Being Mentally Fit. 

A recent post on my training team’s Facebook page got me thinking. What IS good training for an endurance athlete…. like….. in general? 

I could sit here for hours and preach about strength training and distance work, but I’m going to look at the bigger picture: Not just particular training methods, but actual life stuff. Stuff that’ll put hairs on your proverbial chest. Give you the mental edge. Make ya tuff. 

1. Two words: Lunge Jumps

Fucking dry heave. The minute I clock these in my programming I want to curl up and die. Give me 1000 hills to climb on my bike. Give me 40 burpees and 300 kettle bell swings. But please. Please. Dont make me do lunge jumps. 

Searing heat in the quads. HR through the roof. These usually come at the end of a heavy leg session and are the precursor to a threshold run. 

If you can endure 5 sets of these bastards then you can endure a marathon. Word. 

2. A season of Grey’s Anatomy. 

Probably the one with the shooter. Or when Denny died. Or the plane crash. Or George and Izzy. 

The emotional roller coaster, frustration, sheer joy, laughs, tears, blood and other bodily fluids will fully prepare you for most endurance events, I’d imagine. 

Plus you get used to using proper actual medical terminology so that you can impress* medical staff upon your frequent visits to doctors and hospitals with yet more injuries and gross toenails. 

*irritate 

But don’t mock. I could absolutely perform complex surgery. I know ALL the terminology. 

3. The Magic Fifty.

…. or similar. My lovely coach likes to throw these at us occasionally. My equally lovely, but mostly mental pal Chris, absolutely loves these workouts. He asks for them. One time he requested The Magic ONE HUNDRED AND FIFTY. 

They involve many reps. Usually featuring a few similarly horrible exercises. With as little rest as required. And generally you do these workouts once a week for a few weeks to try and get your time down for the total effort. 
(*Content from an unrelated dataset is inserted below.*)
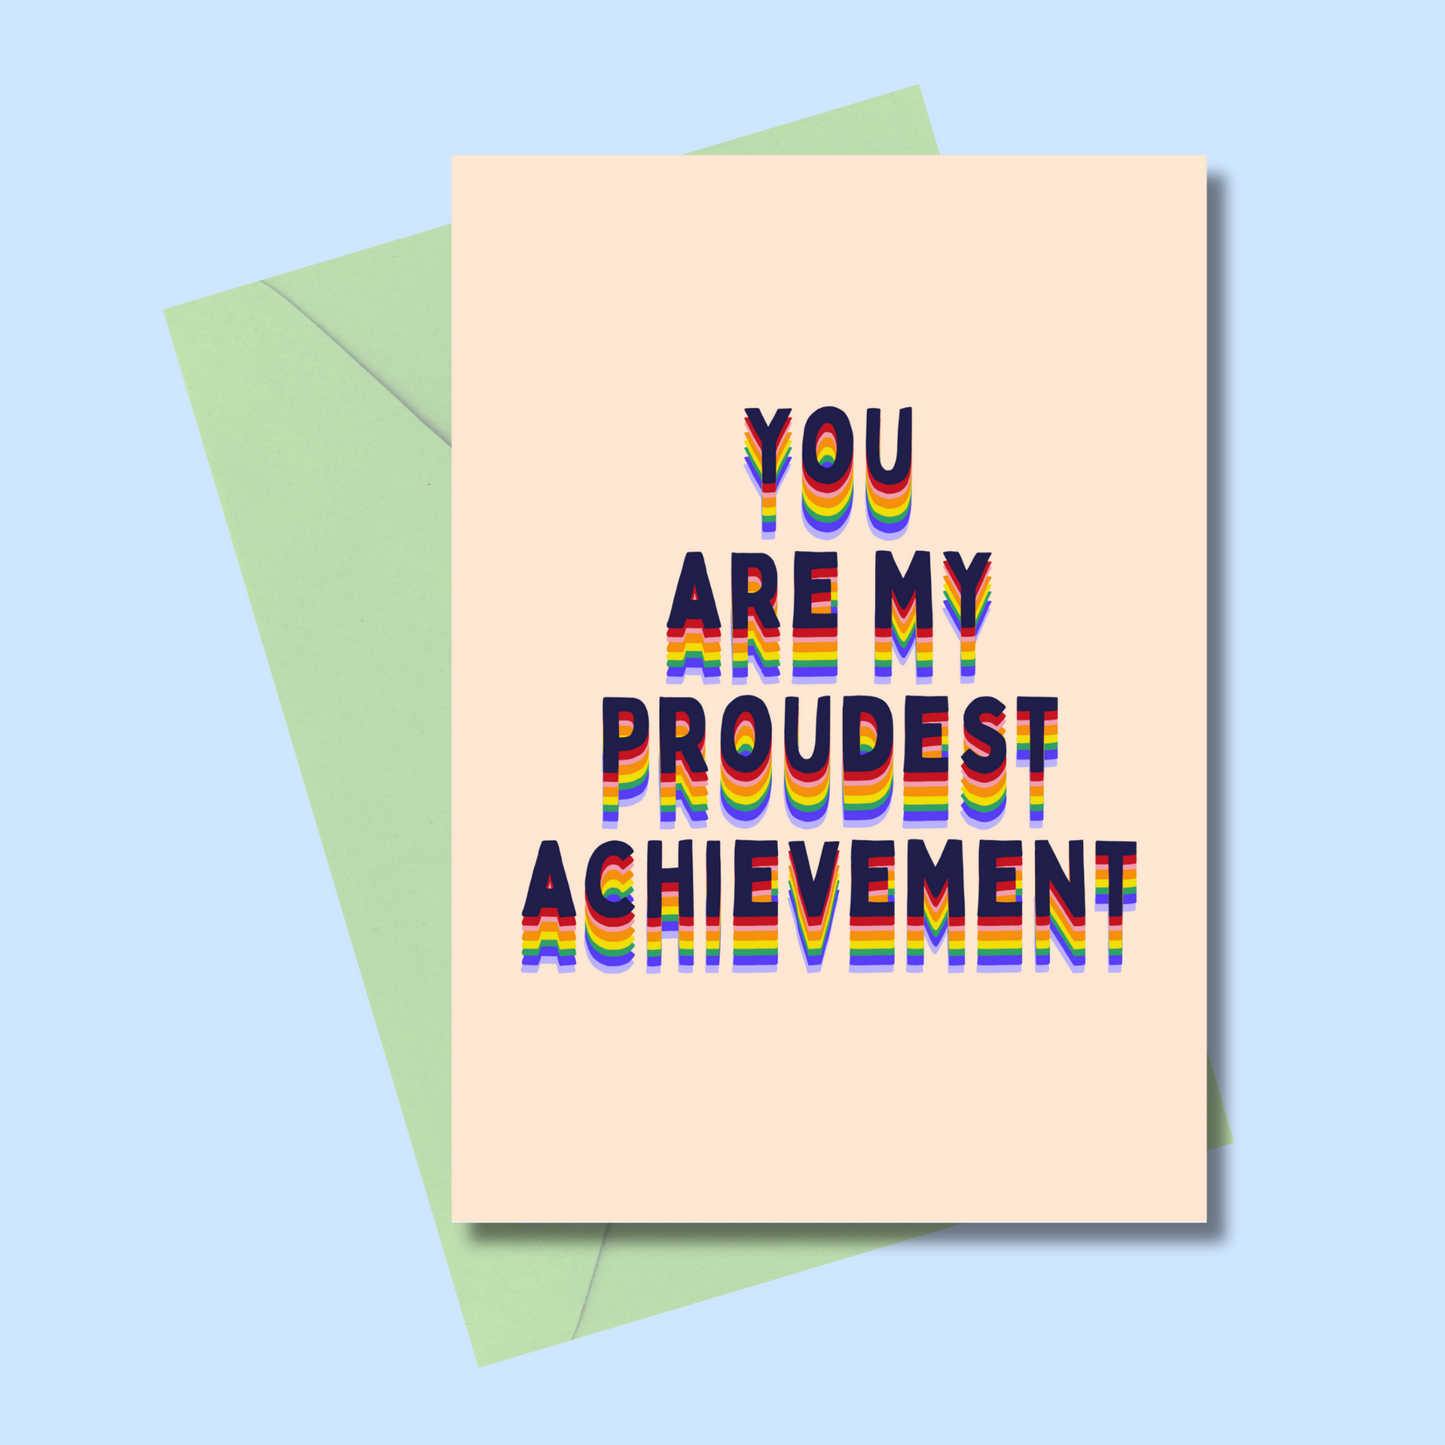 You are my proudest achievement (5x7” print/card)

There is nothing like the mental battle when you’re only 20 swings into 50 of with the kettle bell. You’ve got another two rounds to go. Your hands are basically bloody stumps and you just. want. to stop. 

But you DON’T. That’s what makes you NAILS. 

It’s entirely acceptable to puke after one of these. 


Me. Dead. After The Magic Fifty. 

4. Applying (or trying to apply) for Jobseekers Allowance. 

I was very fortunate that my obsessive search for a new job came to a swift end in May. Because I lost one day. One ENTIRE DAY to this farce of a process. And many have lost MORE than one day. 

Name. Age. DOB. Redundancy details. Not accepted. Name of first dog. Wrong.  Name of first neighbours pet hamster. Air speed velocity of an unladen sparrow. Nope. Wrong. Death. 

Honestly. It was the in the top ten most harrowing experiences of my life. But it taught me RESILIENCE in the face of adversity and you definitely need this for endurance. 

Me at the job centre. Aka Bridge Of Death. 

5. Shit-Awful Runs. 

You know the type: Lead legs, no energy, dog shit in your trainer tread. 

These make you head-strong. Not at the time, like. Cause at the time you just want to be on the sofa eating beige food, but honestly they do make you better at coping when the endurance stuff starts to hurt. 

6. Winter Training. 

Now I’m not going to say it’s tough in Scotland because in the grand scheme of things, a few weeks of ice and maybe a few snow days are nothing compared to a few months of solid night time and 8 feet of snow. 

However. 

In Scotland, we seem to be blessed with the type of weather that feels mild to begin with but then you find a puddle with ice at the bottom and because it’s so fucking dark and there are so many manky leaves everywhere, and you find out about this puddle as you wake from a coma with a broken hip. 

Winter training makes your lungs hurt. Makes your toes cold. Makes everything cold, actually. It makes your nose stream and your ears ache. But it definitely makes the summery runs feel better. 

As long as they’re not too melty…..

7. If it makes you hate life, it’s good preparation. 

And that sums it up, really. I love a good workout, but the ones that make all the difference are the ones that make you want to cry and stop moving forever. 

It’s the subtle things too, like that Economics Lecture you sat through at uni, determined for the stuff to stick. It didn’t. You tried. But it taught you that LITERALLY NOTHING is worse than that. 

So. Do more stuff you hate, and then nothing will seem as bad as that!